Introduction
The new build of StarWind SAN & NAS has just gotten released and it will bring us the long-awaited FC (Fibre Channel) ecosystem support. StarWind SAN & NAS has been designed to give a new life for your existing hardware. Installed either on top of hypervisor of your choice or bare-metal, it turns your server into a fast shared storage pool that can be accessed over iSCSI, SMB or NFS. And in the new build, via FC as well. It uses the same SDS engine as StarWind vSAN which means high performance and also adds new features such as ZFS support to build the utmost resilient storage system using the commodity hardware.
This was a great chance to test how fast StarWind SAN & NAS can go using FC. Folks from StorageReview were kind to provide us with the testing infrastructure where we performed the benchmark. Thanks, StorageReview team once again!
Testing scope
We have tested the performance of shared storage presented from a dedicated storage node full of NVMe drives and StarWind SAN & NAS on top over FC to client nodes. We have decided to include only good old FCP (FCP – Fibre Channel Protocol) benchmark results in this article since the results of NVMe-FC were at the same level (on certain patterns even lower than FCP). To collect NVMe drives into a redundant storage array, we have used MDRAID and GRAID tools and tested them separately. MDRAID is a Linux software RAID that is present as part of StarWind SAN & NAS and serves to collect drives into a redundant array. GRAID is an extremely fast NVMe/NVMeoF RAID card, designed to deliver the full potential of PCIe Gen4 systems.

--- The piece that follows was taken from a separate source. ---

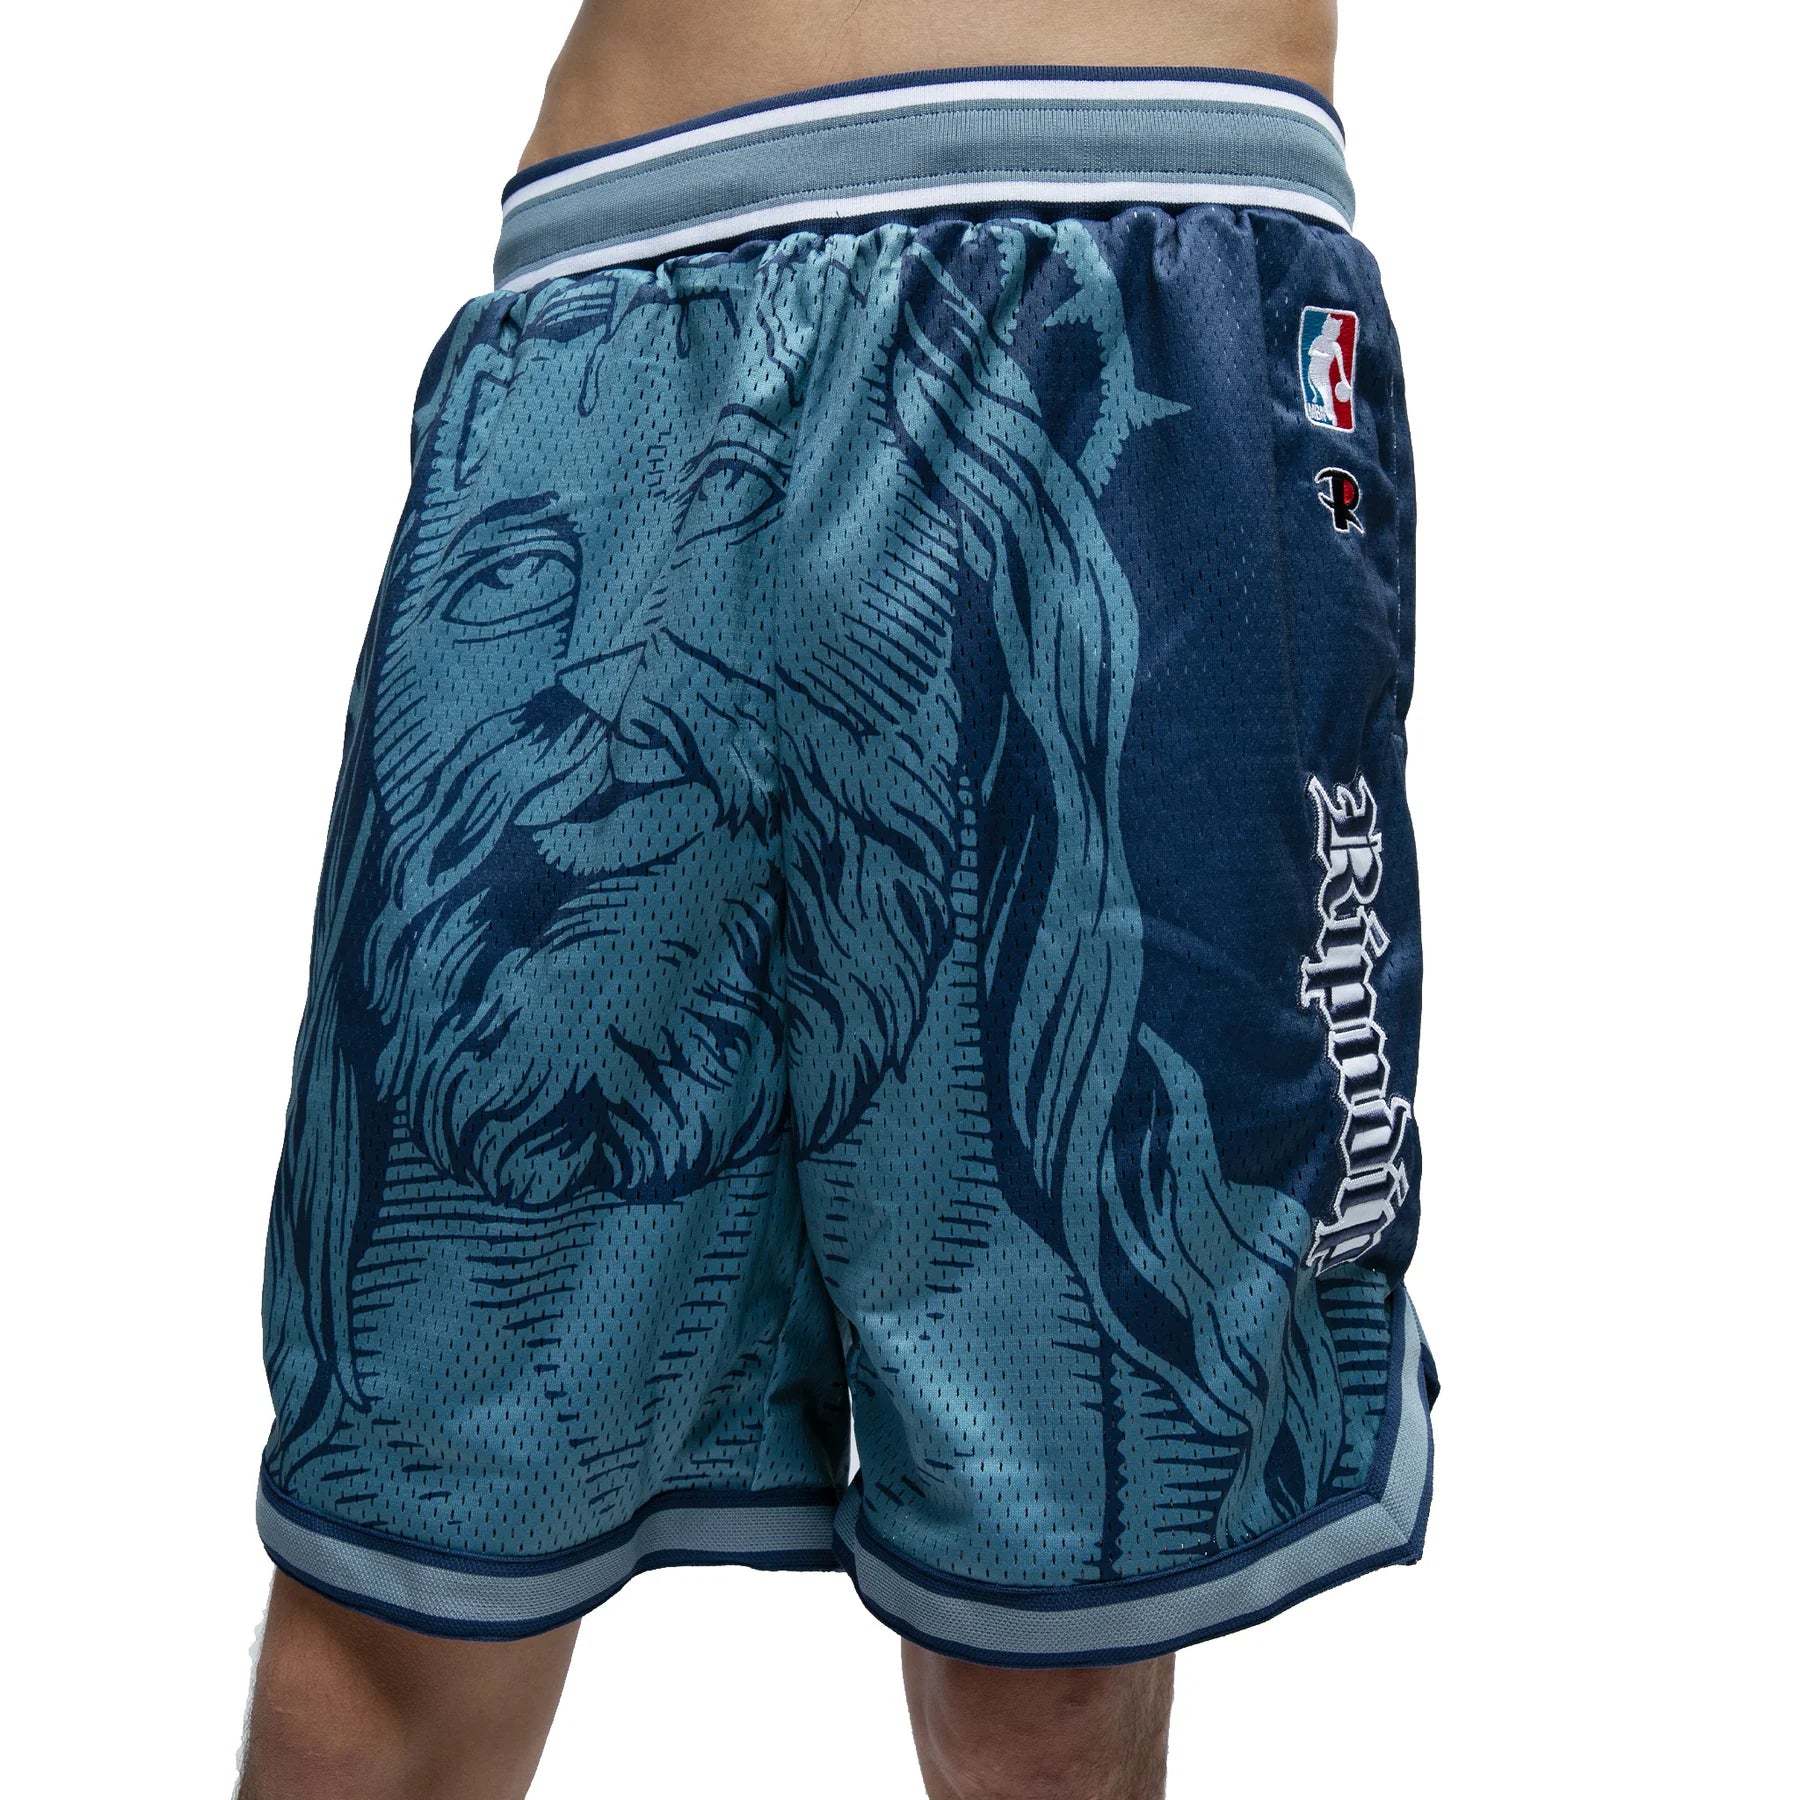 Lord Savior Nerm Basketball shorts (Navy)
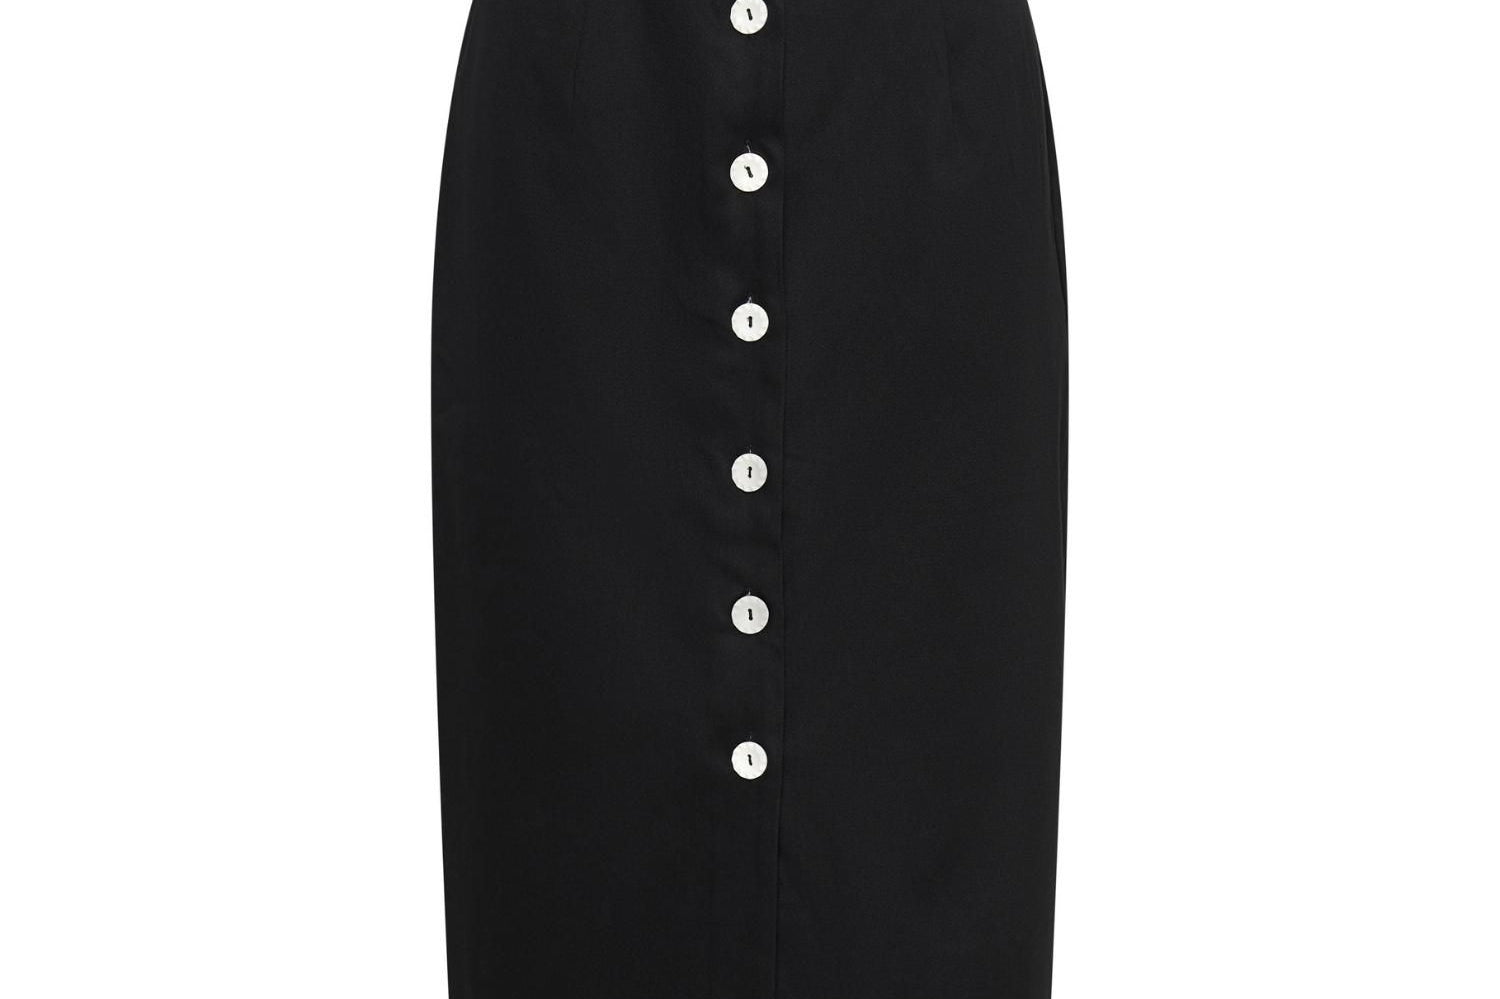 Florence Fluttering Skirt in Black OFFER: GET TOP FREE WHEN YOU BUY SKIRT

It is worth mentioning that GRAID SupremeRAID is the only NVMe RAID card as of now capable of delivering the highest SSD performance possible that removes performance bottlenecks altogether. What is the difference, you may wonder? Well, GRAID SupremeRAID SR-1010 is based on an NVIDIA A2000 GPU. In most characteristics, that doesn’t make this solution anything special, but when it comes to the NVMe RAID bottlenecks, the GPU can give a head start to lots of alternatives. In particular, the SupremeRAID is capable of processing all the I/O operations directly, and we don’t need to tell you just how much this frees up the CPU resources. Standard RAID cards are simply no match for the computing potential of the GPU card. Even though the GRAID solution is a software RAID, the NVIDIA GPU card is essential to a lot of benefits that GRAID has to offer. Additionally, thanks to the specifics of GRAID software architecture, data can flow directly from the CPU and straight to the storage, passing by the GRAID card.
Traditionally, NVIDIA cards serve various purposes. They are in demand for use in gaming, video acceleration, cryptocurrency mining, and professional working tools such as VDI. Moreover, NVIDIA also produces GPUs for vehicles. Now? NVIDIA hardware powers storage appliances. This novelty embarks nothing less but a breakthrough in utilizing computing potential of the GPU in a whole new field.
Testing bed
Here is the list of the hardware and software used in our benchmark.
Storage node:
Hardware | |
sw-sannas-01 | Dell PowerEdge R750 |
CPU | Intel(R) Xeon(R) Platinum 8380 CPU @ 2.30GHz |
Sockets | 2 |
Cores/Threads | 80/160 |
RAM | 1024Gb |
Storage | 8x (NVMe) – PBlaze6 6926 12.8TB |
GRAID | SupremeRAID SR-1010 |
HBAs | 4x Marvell® QLogic® 2772 Series Enhanced 32GFC Fibre Channel Adapters |
Software | |
StarWind SAN&NAS |
Version 1.0.2 (build 2175 – FC) |
Client nodes:
Hardware | |
win-cli-{01..04} | PowerEdge R740xd |
CPU | Intel® Xeon® Gold 6130 Processor 2.10GHz |
Sockets | 2 |
Cores/Threads | 32/64 |
RAM | 256Gb |
HBAs | 1x Marvell® QLogic® 2772 Series Enhanced 32GFC Fibre Channel Adapters |
Software | |
OS | Windows Server 2019 Standard Edition |
Testbed architecture overview:
The communication between storage node and client nodes has been carried out over 32GFC Fibre Channel fabric. The storage node had 4x Marvell® QLogic® 2772 Series Enhanced 32GFC Fibre Channel Adapters while each client node had one. The storage and client nodes were connected using two Brocade G620 Fibre Channel Switches to ensure resilience.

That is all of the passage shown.